However, more specific handling is required for the Rust-implemented runtime system (RTS): The Rust-generated active data segment of the runtime system is changed to the passive mode and loaded to the expected static address on the program start (canister initialization and upgrade). The location and size of the RTS data segments is therefore limited to a defined reserve of 512 KB, see above. This is acceptable because the RTS only requires a controlled small amount of memory for its data segments, independent of the compiled Motoko program.

Null Sentinel

As an optimization, the top-level null pointer is represented as a constant sentinel value pointing to the last unallocated Wasm page. This allows fast null tests without involving forwarding pointer resolution of potential non-null comparand pointers.

Migration Path

When migrating from the old serialization-based stabilization to the new persistent heap, the old data is deserialized one last time from stable memory and then placed in the new persistent heap layout.

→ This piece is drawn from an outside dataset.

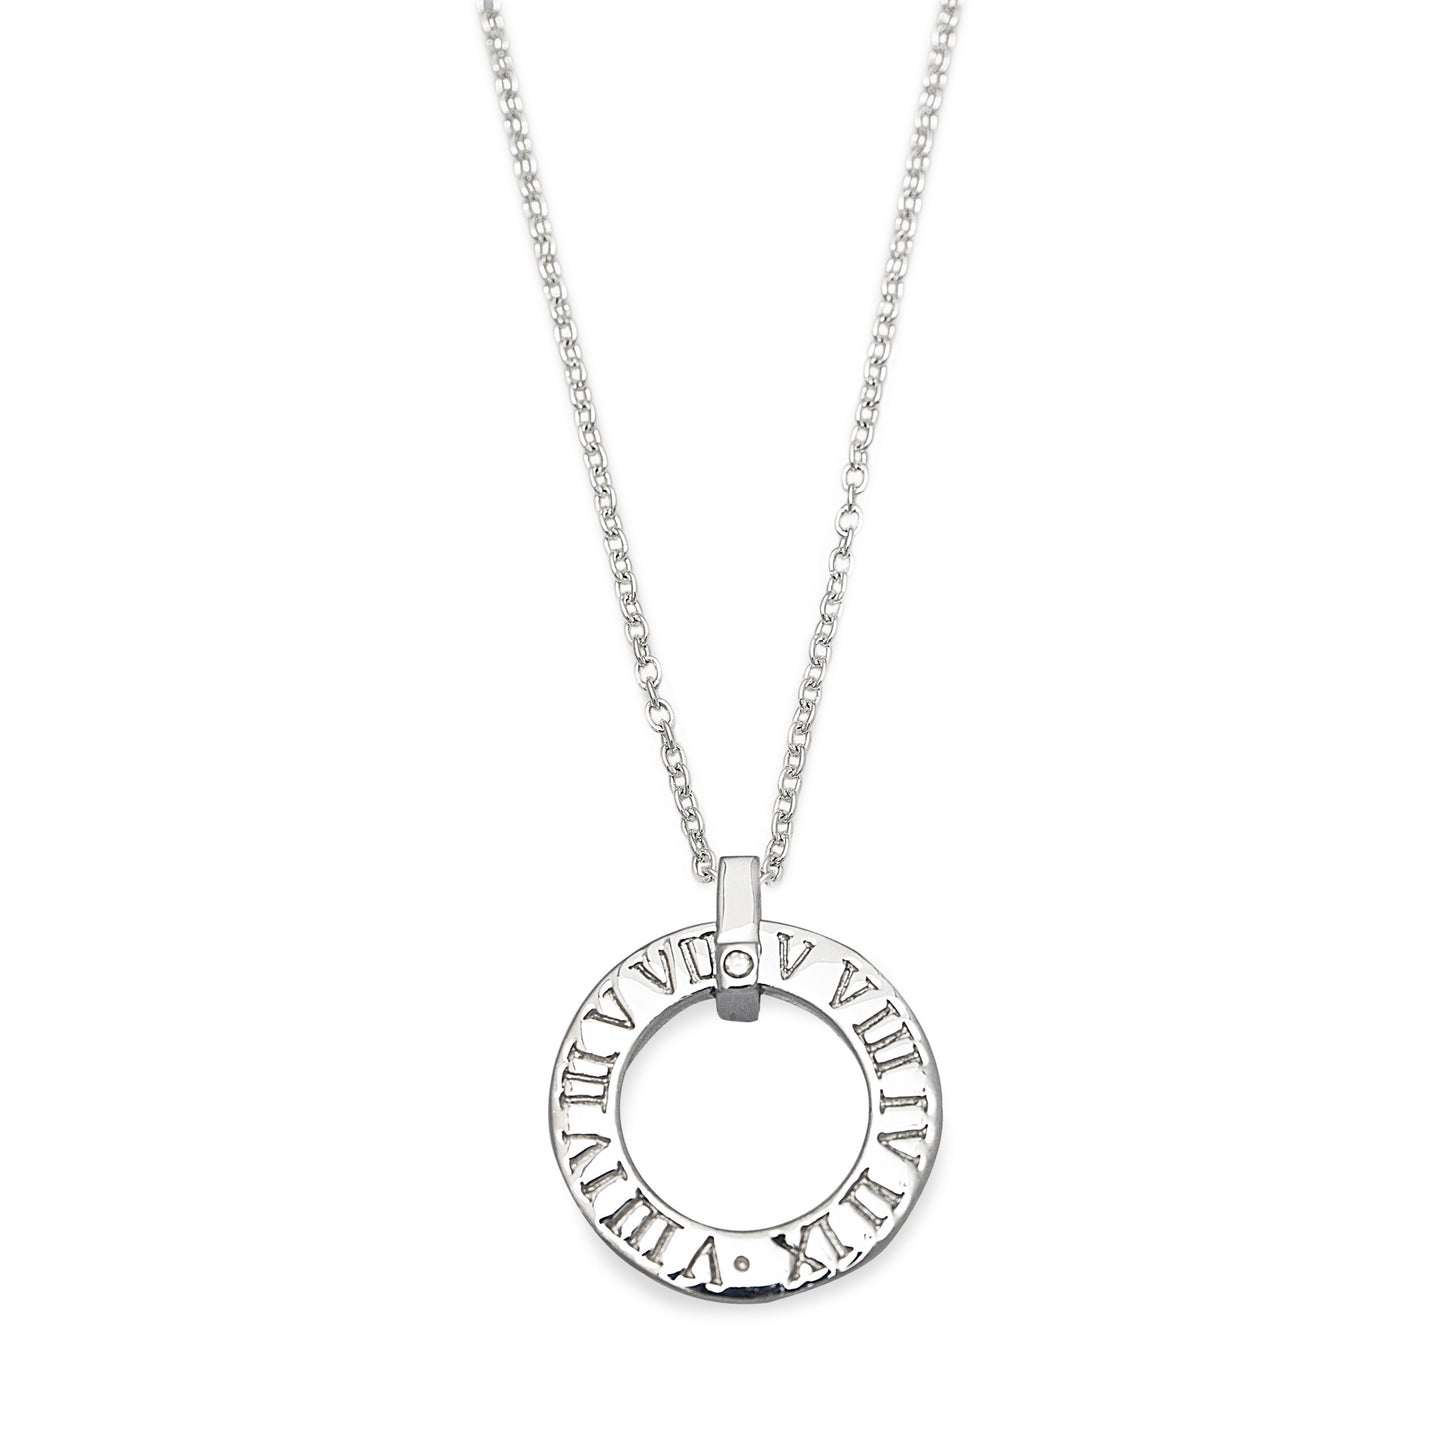 'O' shape Roman Bliss Necklace in 925 sterling silver and features our signature Roman numerals and a single cubic zirconia. Worldwide shipping. Affordable luxury jewellery by Bellagio & Co.

Once operating on the persistent heap, the system should prevent downgrade attempts to the old serialization-based persistence.

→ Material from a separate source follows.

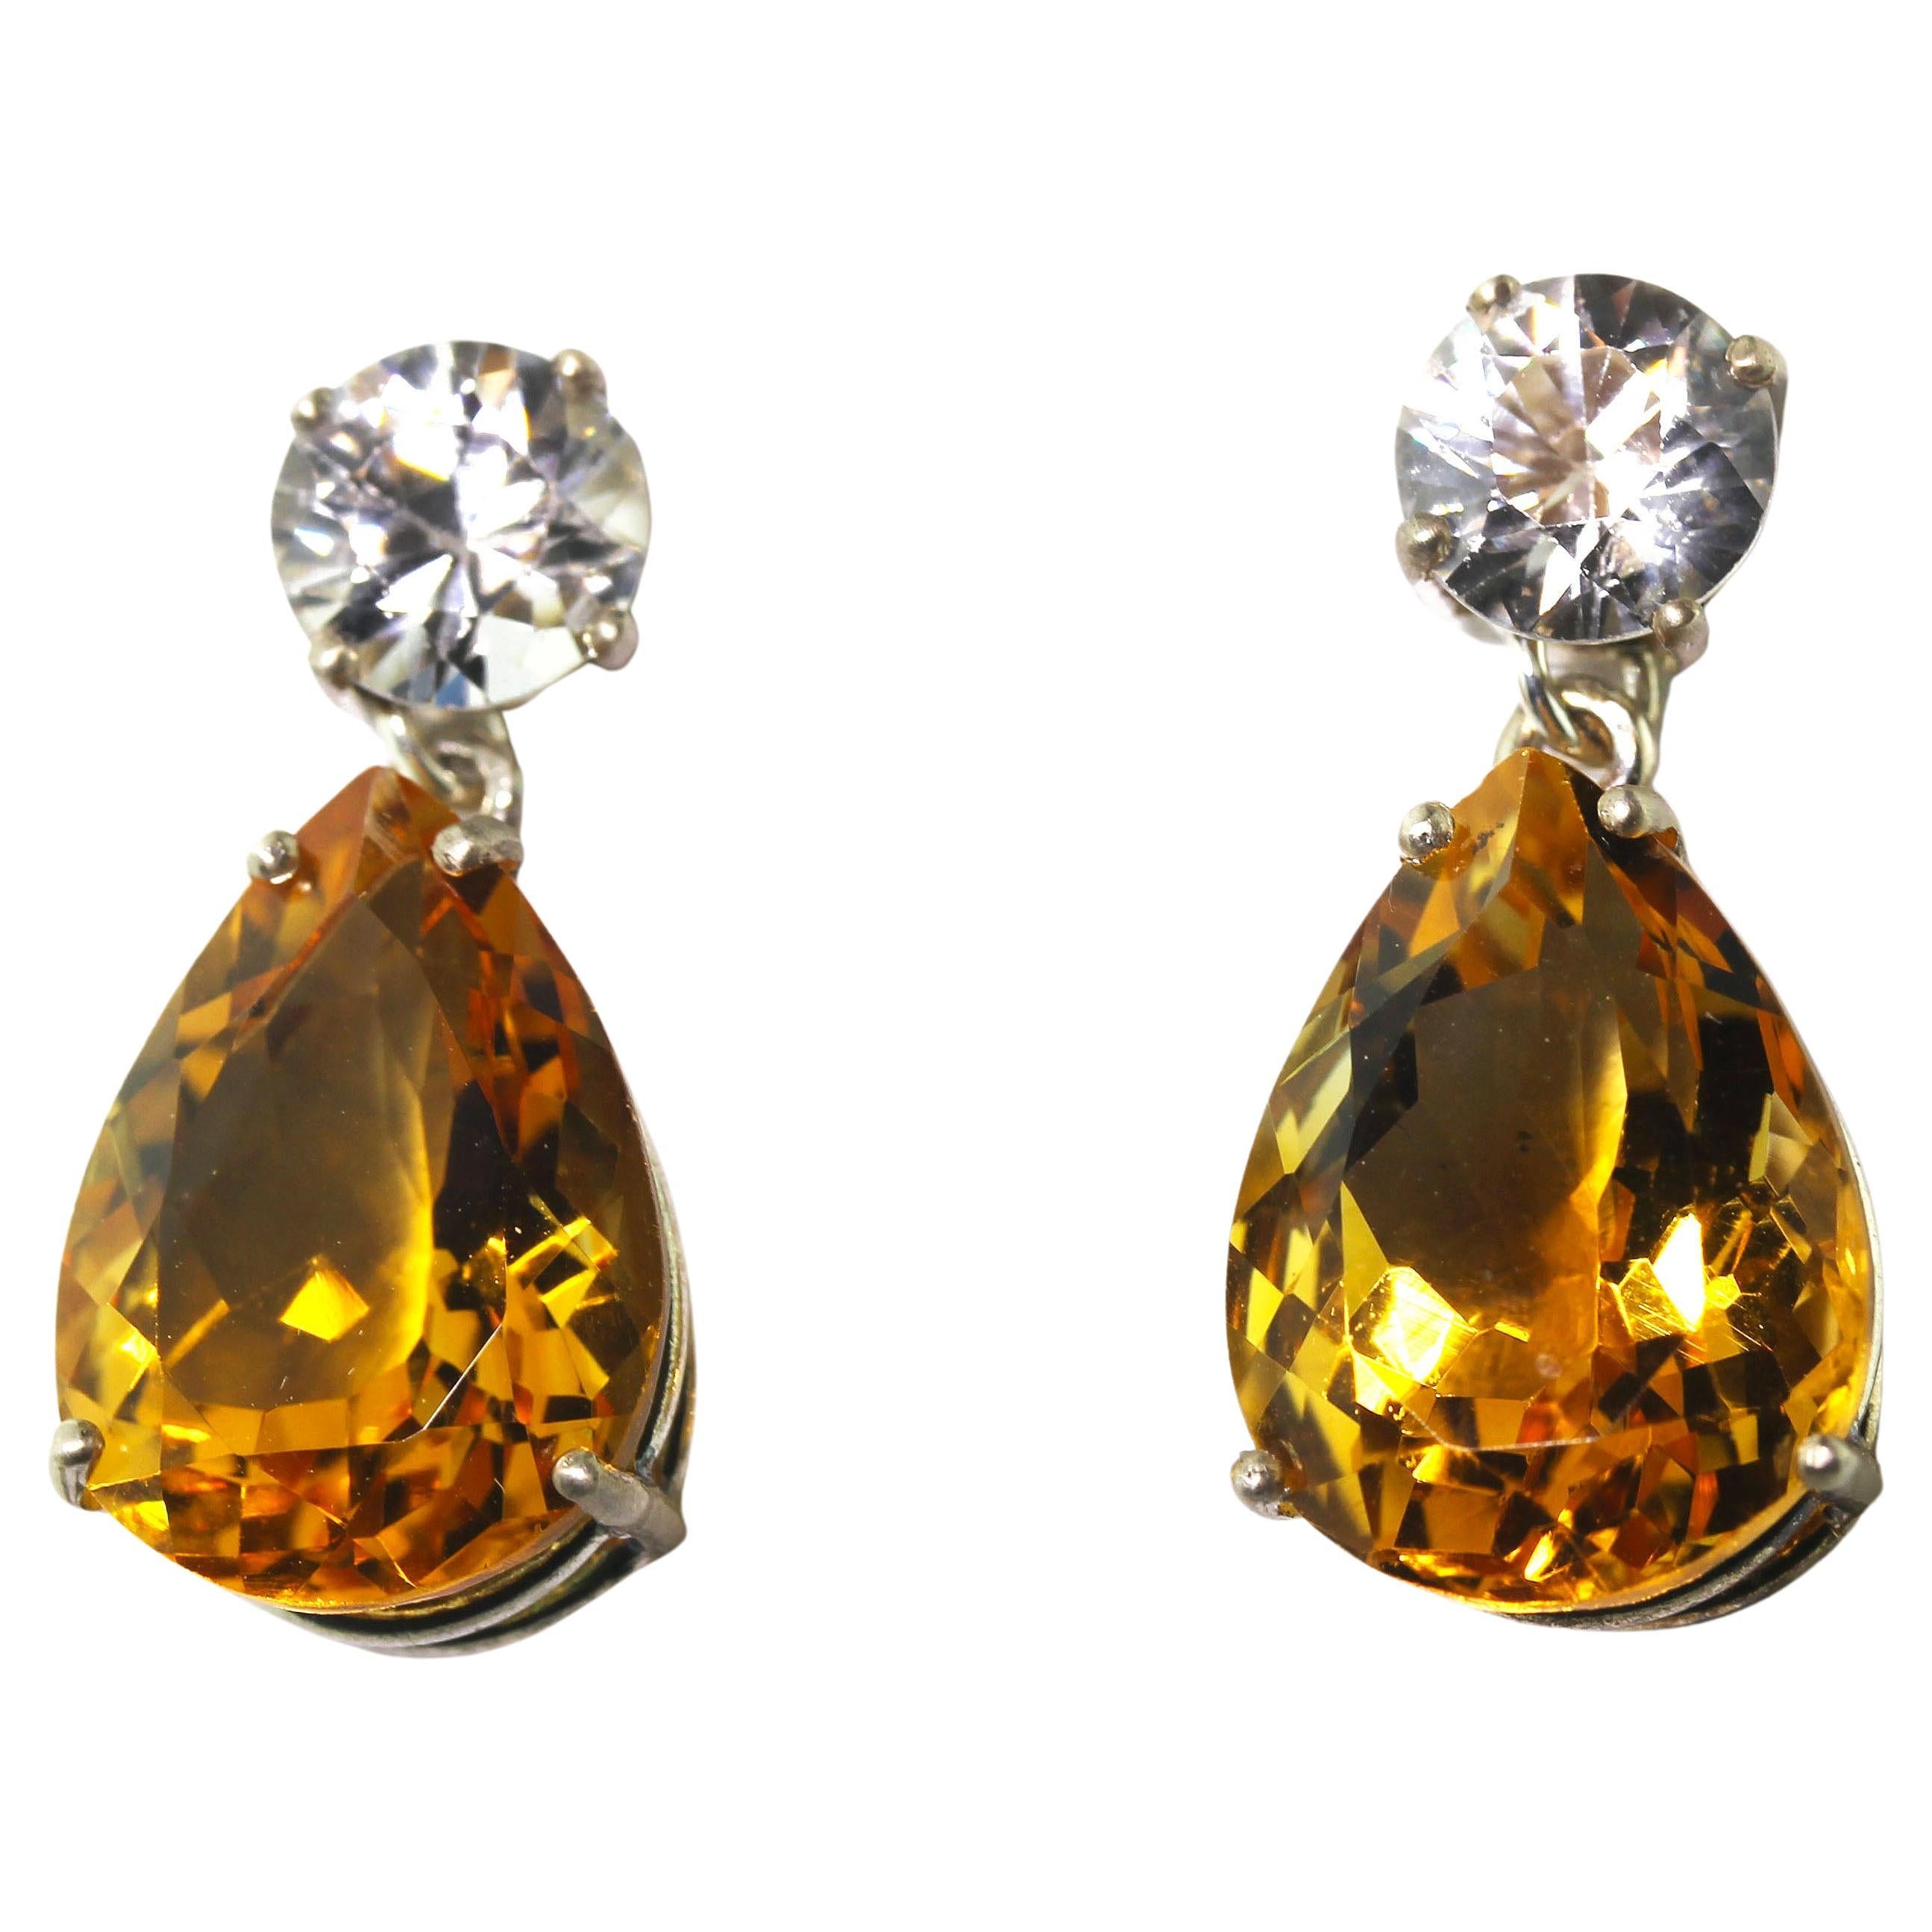 AJD Glittery 3.66Ct Natural Zircon & 15.4Cts Golden Citrine Earrings For Sale

Assuming that the persistent memory layout needs to be changed in the future, the runtime system supports serialization and deserialization to and from stable memory in a defined data format using graph copy.

Graph Copy

The graph copy is an alternative persistence mechanism that will be only used in the rare situation when the persistent memory layout will be changed in the future. Arbitrarily large data can be serialized and deserialized beyond the instruction and working set limit of upgrades: Large data serialization and deserialization is split in multiple messages, running before and/or after the IC upgrade to migrate large heaps. Of course, other messages will be blocked during this process and only the canister owner or the canister controllers are permitted to initiate this process.

Graph copying needs to be explicitly initiated before an upgrade to new Motoko version that is incompatible to the current enhanced orthogonal persistent layout. For large data, the graph copy needs to be manually completed after the actual upgrade.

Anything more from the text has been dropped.